Publication year - 1985
Publication title -
lipids
Language(s) - English
Resource type - Journals
SCImago Journal Rank - 0.601
H-Index - 120
eISSN - 1558-9307
pISSN - 0024-4201
DOI - 10.1007/bf02534263
Subject(s) - chemistry , chemical ionization , deuterium , mass spectrometry , chromatography , isobutane , gas chromatography–mass spectrometry , hydrogen–deuterium exchange , fatty acid , gas chromatography , quantitative analysis (chemistry) , ionization , organic chemistry , ion , physics , quantum mechanics , catalysis
A quantitative analytical method has been developed to analyze methyl esters of blood fatty acids derived from human subjects fed deuterium‐labeled fats. The GCMS computer method provides for the analysis of the fed deuterium‐labeled fatty acids, the naturally occurring blood fatty acids and new fatty acids formed by chain elongation or shortening of the fed labeled fats. Approximately 20 fatty acids including 16, 17, 18 and 20 carbon chain acids were analyzed with a relative standard deviation of 0.02 at the microgram level and a sensitivity of less than one nanogram.

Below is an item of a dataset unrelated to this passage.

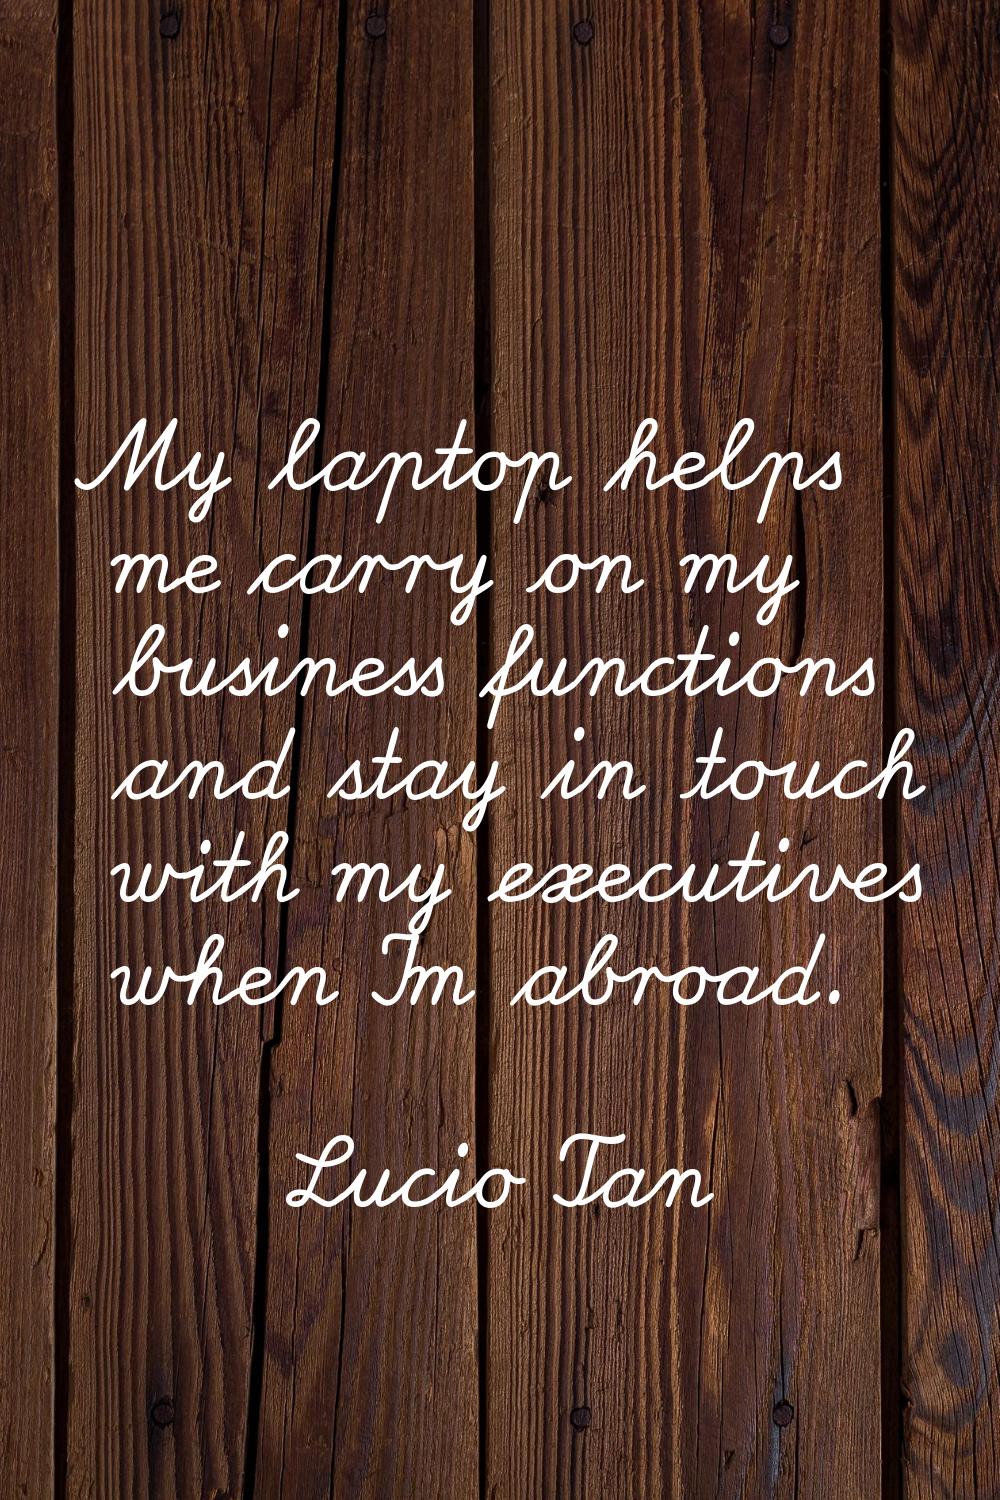 My laptop helps me carry on my business functions and stay in touch with my executives when I'm abr

The method uses capillary GC to separate the fatty acid esters and isobutane chemical ionization mass spectrometry with multiple ion detection to determine the isotopic constituents of the GC peaks. The technique provides for the determination of overlapping GC peaks labeled with 2, 4 and 6 deuterium atoms and makes extensive use of computers both for data acquisition and processing.